The unconsolidated sedimentary deposits consist of alluvium, beach and dune sand, and lagoonal mud and clayey sand. In some places, these deposits are interbedded with consolidated rocks. Sedimentary deposits, as well as weathered volcanic rocks are important to the ground-water hydrology of the islands in some areas. The combination of weathered volcanic rocks and overlying sedimentary material forms a low-permeability material called caprock in areas overlying high-permeability volcanic rocks. The caprock confines water in the volcanic rocks so that, in places such as the coastal plain of Oahu, freshwater exists in the volcanic rocks beneath brackish water or saltwater in the caprock.

The climate of the Hawaiian islands has a profound effect on weathering processes that affect the hydraulic properties of sedimentary deposits and volcanic rocks (especially ash and tuff). The permeability of the sediments and volcanic rocks can be greatly reduced by chemical weathering. During the weathering process, original pore spaces are closed by swelling of mineral particles as chemical changes cause the deposits and rocks to disintegrate. Weathering processes consist chiefly of oxidation, hydration, and carbonation (reaction with carbon dioxide) of various minerals in the rocks.

A long chain of volcanoes known as the Hawaiian Ridge extends northwestward across the central Pacific Ocean. The volcanoes are youngest in the southeast and become progressively older to the northwest. The volcanoes of the Hawaiian Ridge have formed as a plate of the Earth's crust beneath the Pacific Ocean moves northward and westward relative to an area of anomalously high temperature, called a hot spot, in the Earth's mantle. As a volcano moves northwestward away from the hot spot, eruptions become less frequent, and a new volcano begins to form above the hot spot. Many of the younger volcanoes have grown above sea level, forming islands. As islands age, they erode and subside, eventually becoming atolls and then seamounts.

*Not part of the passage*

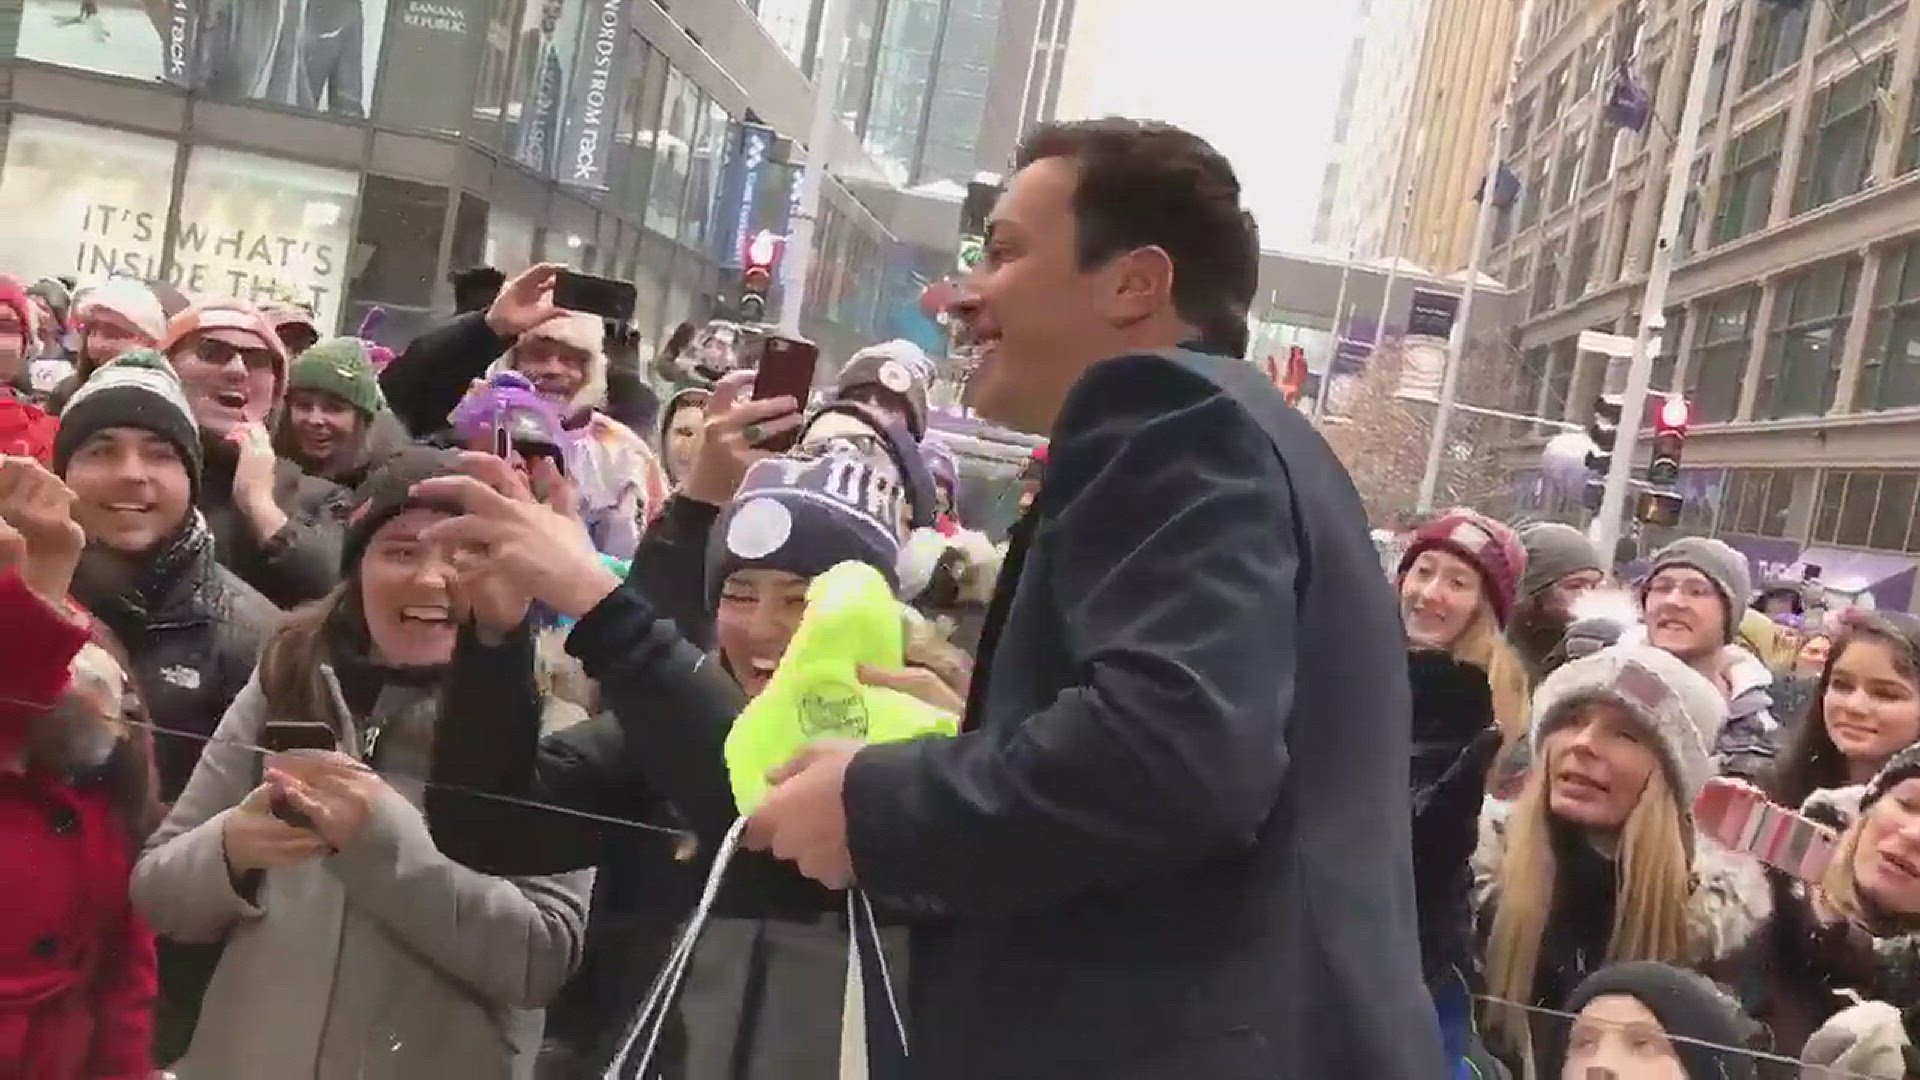 Tonight Show host Jimmy Fallon stopped by KARE 11's Warming House Saturday morning and tossed out some gifts for a few lucky fans.

Some of the eight major Hawaiian islands, such as Kahoolawe, are composed of a single volcano, whereas Hawaii is formed by five volcanoes. Some of the older volcanoes have not erupted for millions of years, but as many as eight of the younger volcanoes may have erupted in the last 10,000 years. Historic eruptions have been recorded on five volcanoes: East Maui Volcano-on the island of Maui; Hualalai, Mauna Loa, and Kilauea-on the island of Hawaii; and Loihi-a submarine volcano currently (1998) forming to the southeast of Hawaii. Kilauea also is currently erupting. The volcanoes are called shield volcanoes because they are shaped like broad, flattened domes.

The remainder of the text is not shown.